Student Speaker Sadie Shaula Meyer Urges Classmates to Remember ‘Orange Mindset’
During her Commencement speech on Sunday, Student Speaker Sadie Shaula Meyer ’26 urged members of the Class of 2026 to keep close what she called the “Orange Mindset” as they head out into the world.
The University Scholar and biomedical engineering and mathematics major in the College of Engineering and Computer Science and College of Arts and Sciences encouraged her fellow graduates to remember that successful opportunities don’t simply “work out,” rather, that they all have the “Orange Mindset” driving those achievements.
“As an engineer and researcher, I have seen how every decision, no matter its scale, has the capacity to influence the system as a whole,” she said. “And it is that same spirit of initiative, collaboration, genuine curiosity and commitment to innovation that our graduates hold, which lies behind the success so clear to those around us. That is the real catalyst of our accomplishments. We do not rely on some instinctual intellect, nor do we expect opportunities to simply fall into our laps.

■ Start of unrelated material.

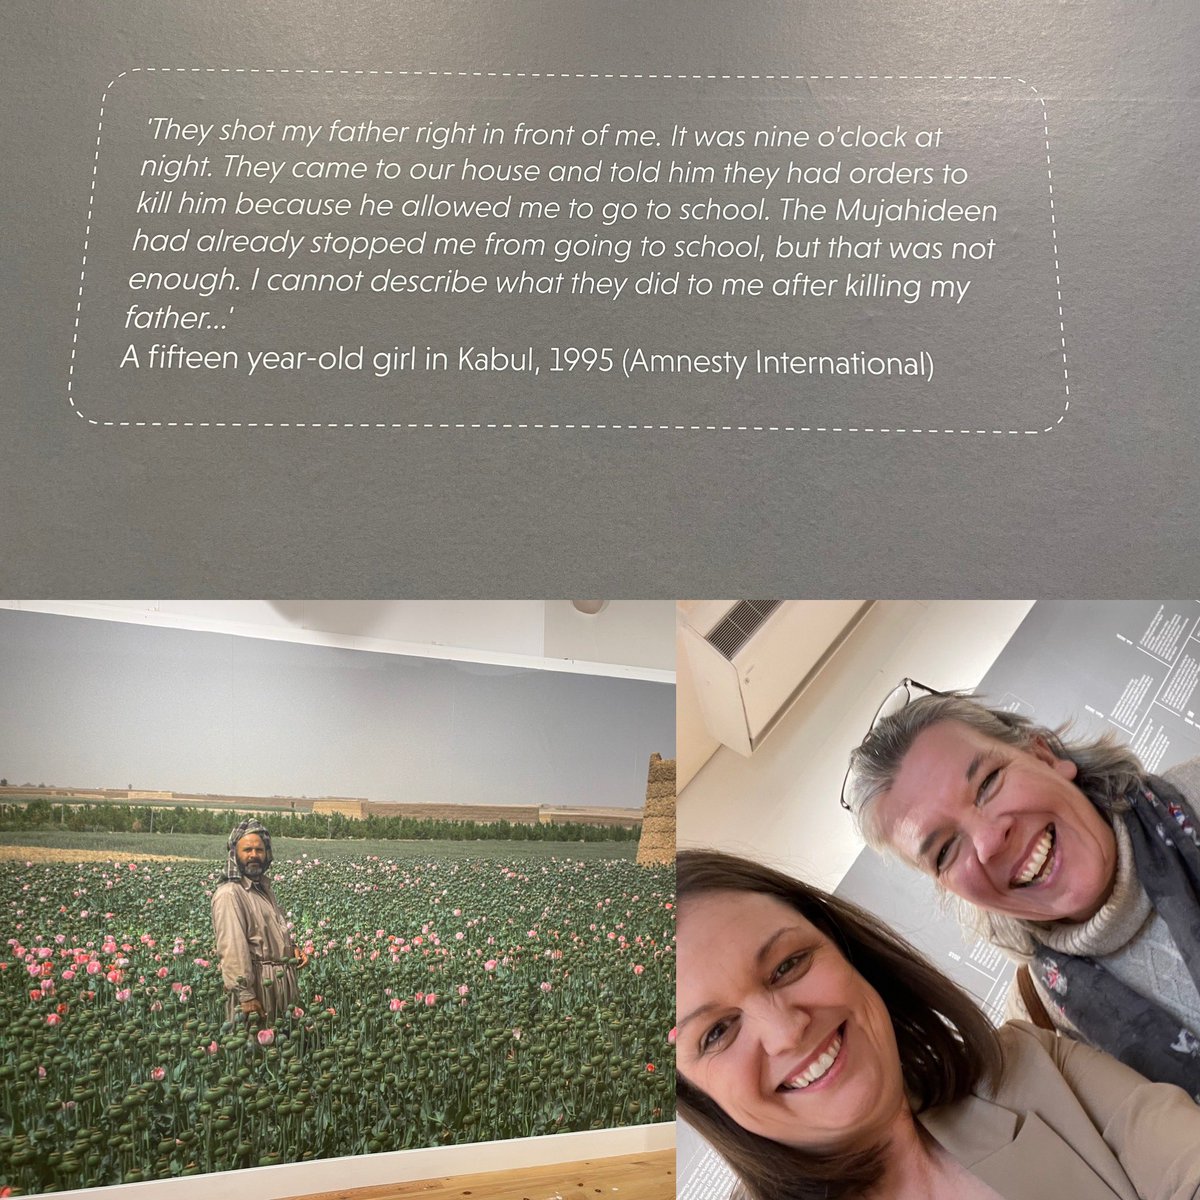 Yesterday I visited the incredible ‘We Are Here, Because You Were There’ exhibition. Heard from Afghan interpreters about their experiences & panellists about resettlement in 🏴󠁧󠁢󠁷󠁬󠁳󠁿. Definitely worth visiting - on til 25th March #nationofsanctuary #afghaninterpreters #ukresettlement

We create them.”
Meyer pointed out Syracuse students have shown up for one another and the community through their years at the University, whether that meant dancing through exhaustion for OttoTHON, pitching in on Giving Day or lending support to a classmate in need.
“That is what defines the Orange Mindset that our graduates hold so close,” she said. “That quiet determination and that dedication are what makes Syracuse students truly extraordinary.”
As she closed her remarks, Meyer challenged her classmates to carry that spirit forward—and, when others marvel at how things seem to fall into place, to tell the real story.
“Tell them about the work,” she said. “Tell them about the failures that helped you grow. Tell them about the people who stood beside you and how you stood beside them. Lift those around you as you rise. And remember that failure is not final, but redirection, a necessary step toward where you are meant to go.”